There are also a few features in this code that we haven’t studied in detail, yet.
For example, we used the traverse()
method here to find out the closest
molecule to the target after finishing each iteration. Thanks to
this we can watch the algorithm converge to the target structure. We also used the
prune()
method which is used to remove
branches in the tree that are not converging towards the target. This helps
to curb exponential growth of the tree. How this method works is
discussed in more detail later.
If we want to get a hold of the molecules on the path, we can easily do so:
1path = tree.fetchPathTo(tree.params['target'])
2
3print(len(path))
4show_mol_grid(path)
Output:
42
Note
We can see that what appeared to be especially challenging for the algorithm was the creation of the aromatic ring at the end. This is an issue often observed with the original algorithm implemented in Molpher. It usually doesn’t take a long time to converge to a structure which is very similar to the target, but more effort is needed to actually generate the target structure itself. Fortunately, Molpher-lib has at least some answer to that (see Bidirectional Algorithm).
2.2.2.4. Tree Pruning¶
We cannot possibly grow the tree into all directions without soon running out of memory or wasting computational time on a non-prospective part of chemical space. Thus, a strategy to keep the number of explored putative paths to a minimum is needed. This can be achieved by discarding parts of the paths that are not improving in the value of the objective function (distance from the target molecule in the simplest case).
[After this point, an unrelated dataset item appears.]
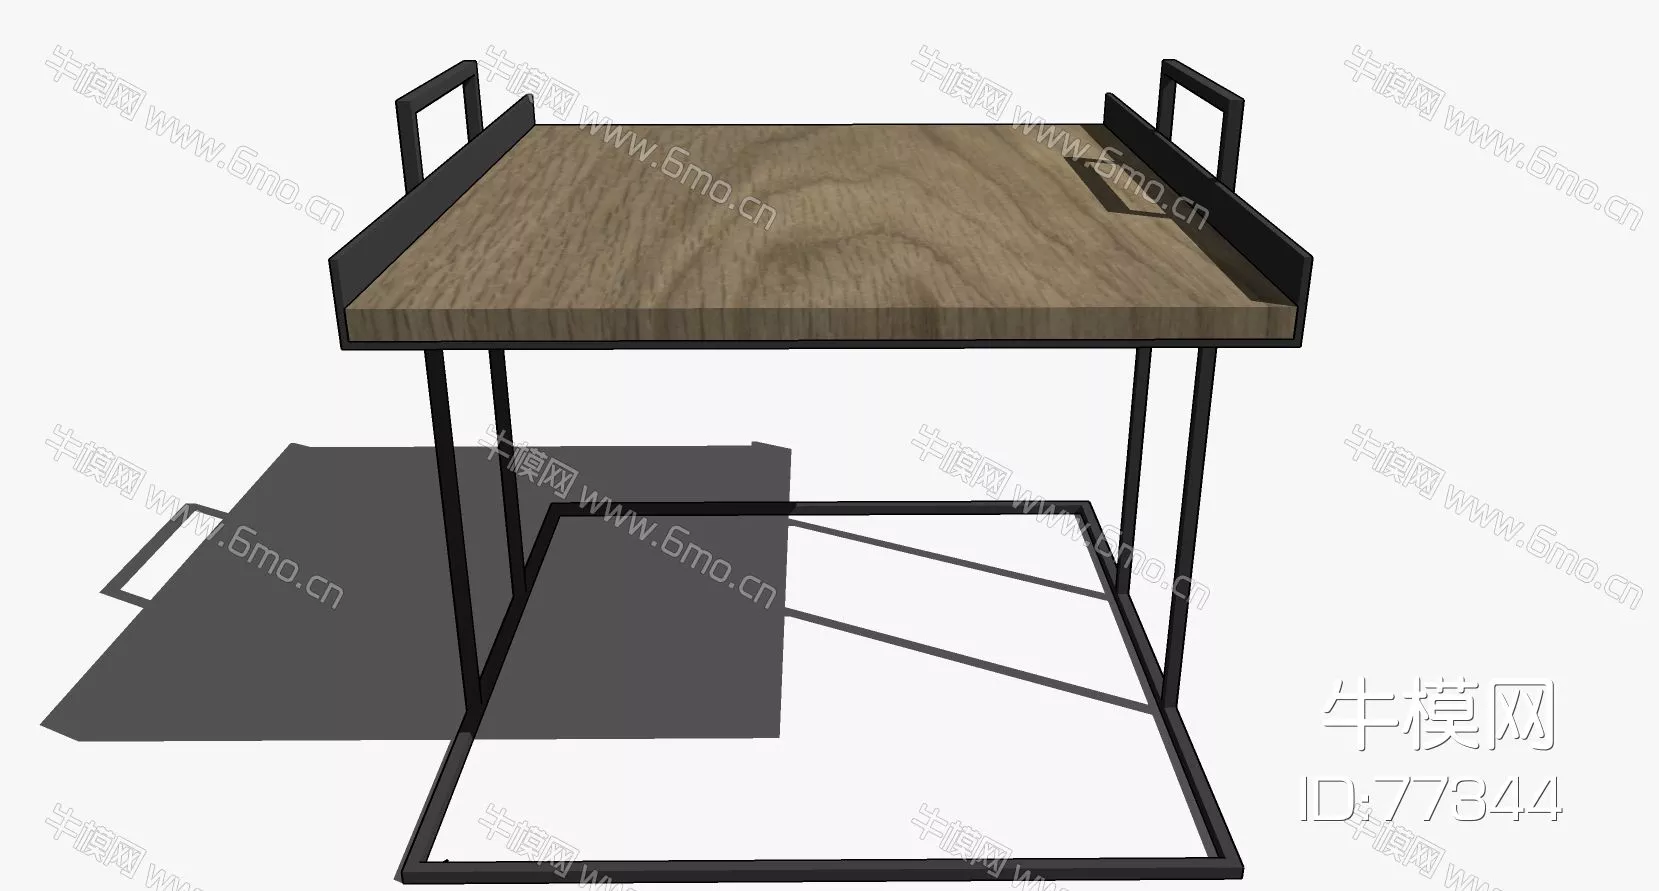 NORDIC SIDE TABLE - SKETCHUP 3D MODEL - ENSCAPE - 77344

We call a molecule that has not generated any morphs closer to the target than itself
a non-producing molecule and we can set
the number of generations to wait before removing its descendants
with the non_producing_survive
parameter.
Tree pruning can be requested anytime by calling the prune()
method. In our example, the method didn’t prune
any paths, because the non_producing_survive
parameter is set to 2 generations in this particular instance.
See also
In addition to the non_producing_survive
parameter, there is the max_morphs_total
parameter,
which imposes a restriction on the maximum number of
descendants of one non-producing molecule. If the number of all historic descendants
reaches this threshold, the molecule is removed along with the current descendants.
2.2.3. Summary¶
This concludes the introduction of the main Molpher-lib building blocks. Hopefully, you found these examples useful and they helped to answer your questions about molecular morphing in general or the library itself. If not, feel free to use the issue tracker to ask questions or report bugs that you find. In the following sections, we describe more advanced topics such as custom chemical operators or tree serialization.